Adiós a un compañero

Chema Allongo
CHEMA ALLONGO

Cada periodista tiene un estilo particular. Algunos serán recordados por sus crónicas, otros por su cátedra en las aulas, por sus ácidas notas políticas o por sus escritos de viajes. Julio Puente será recordado siempre por su campechanía, su humor y por el saludo de costumbre cuando se encontraba con compañeros y amigos: «¿¡Qué hay, maestro?!».

Yo siempre le recordaré por su afecto y por la amistad que me brindó todos estos años. Hemos perdido a un periodista de talento a tiempo completo. Hemos perdido a un amigo de palabra sincera y oportuna. Me he quedado sin un gran tertuliano. Nos hemos quedado sin un periodista de primera. Julio Puente paseó oficio y cordialidad por las redacciones de los medios en los que trabajó.
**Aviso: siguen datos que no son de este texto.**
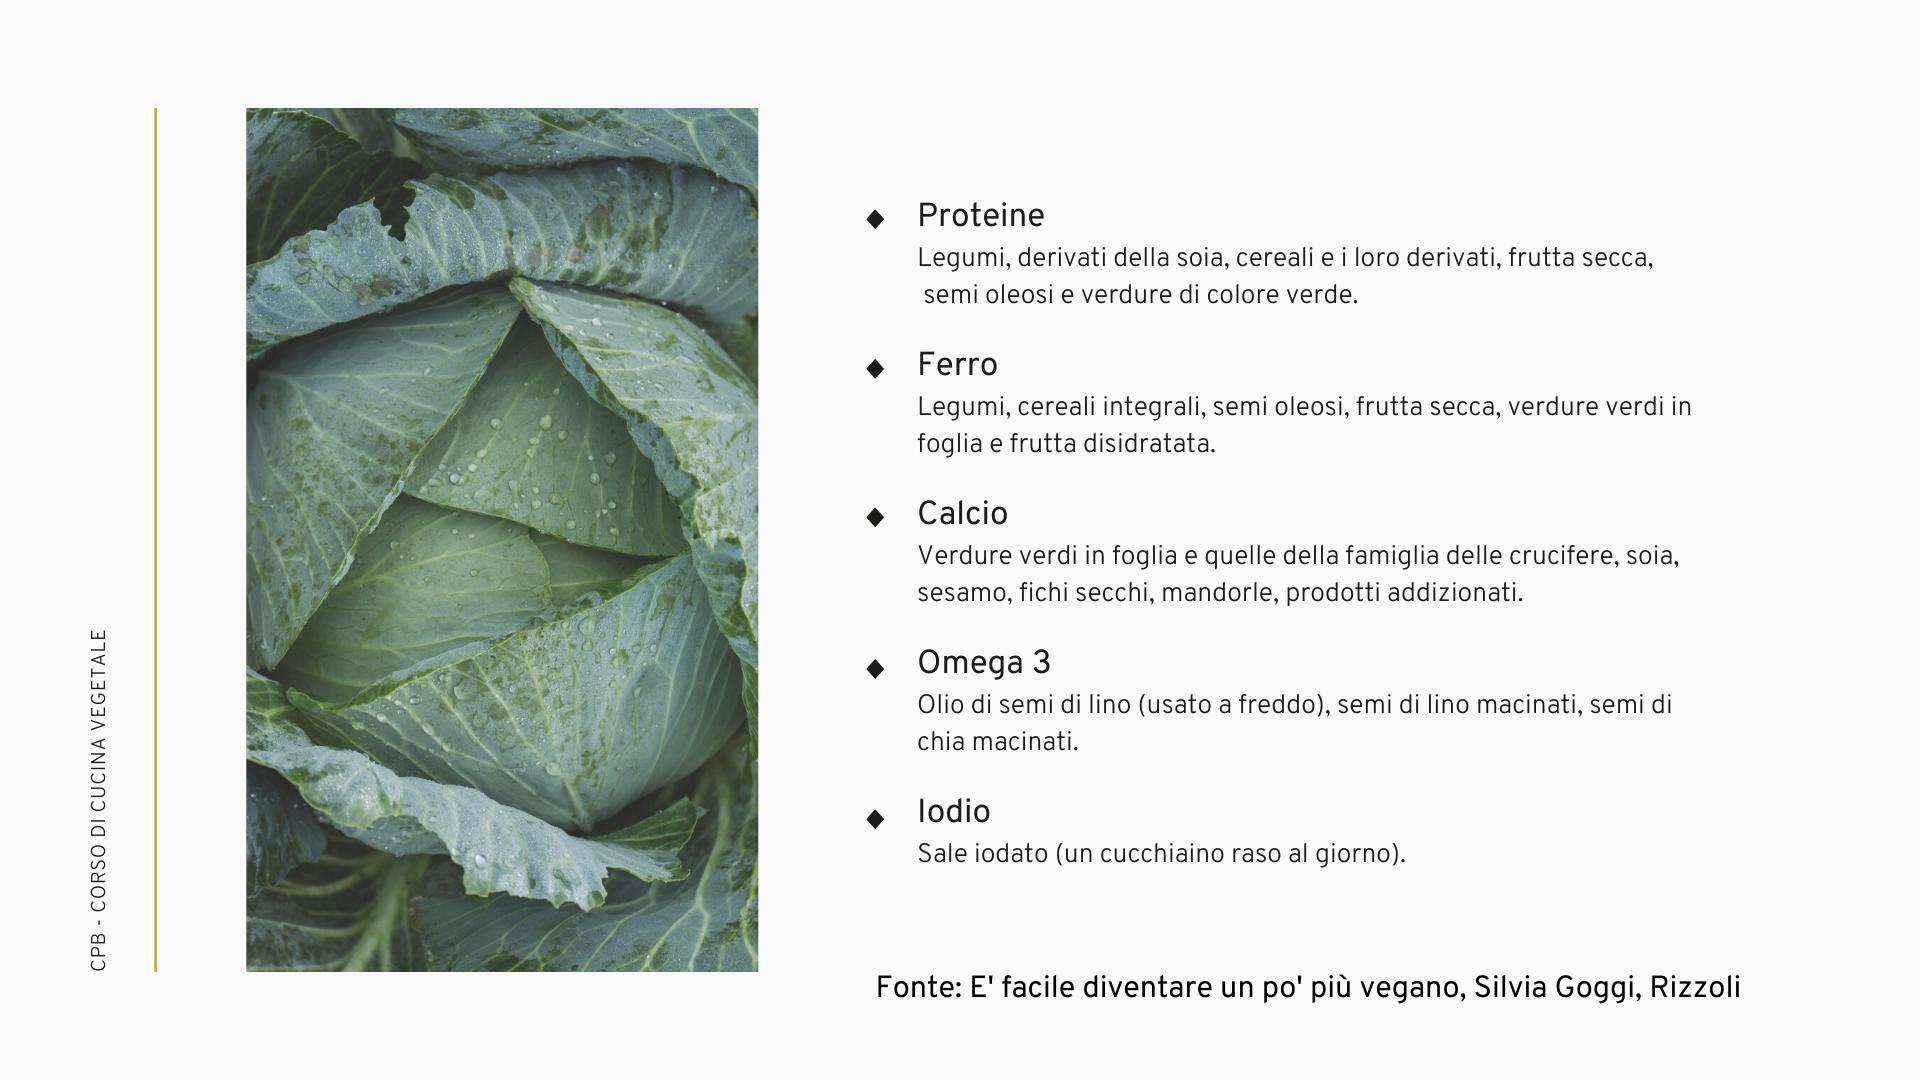 fonti nutritive nelle diete vegetariane

Adoptaba a menudo la postura del observador externo, esa distancia que, paradójicamente, inviste lo sucedido de una mayor veracidad y proximidad. Su carácter jovial solía dejar una puerta abierta a otras interpretaciones de la realidad y su prosa rehuía las formas agresivas. Su extraordinario don de gentes, su exquisita educación, su elegante sentido del humor, su discreción y su cultura permitieron granjearse amistades en todos los campos. Querido Julio, te echaré mucho de menos.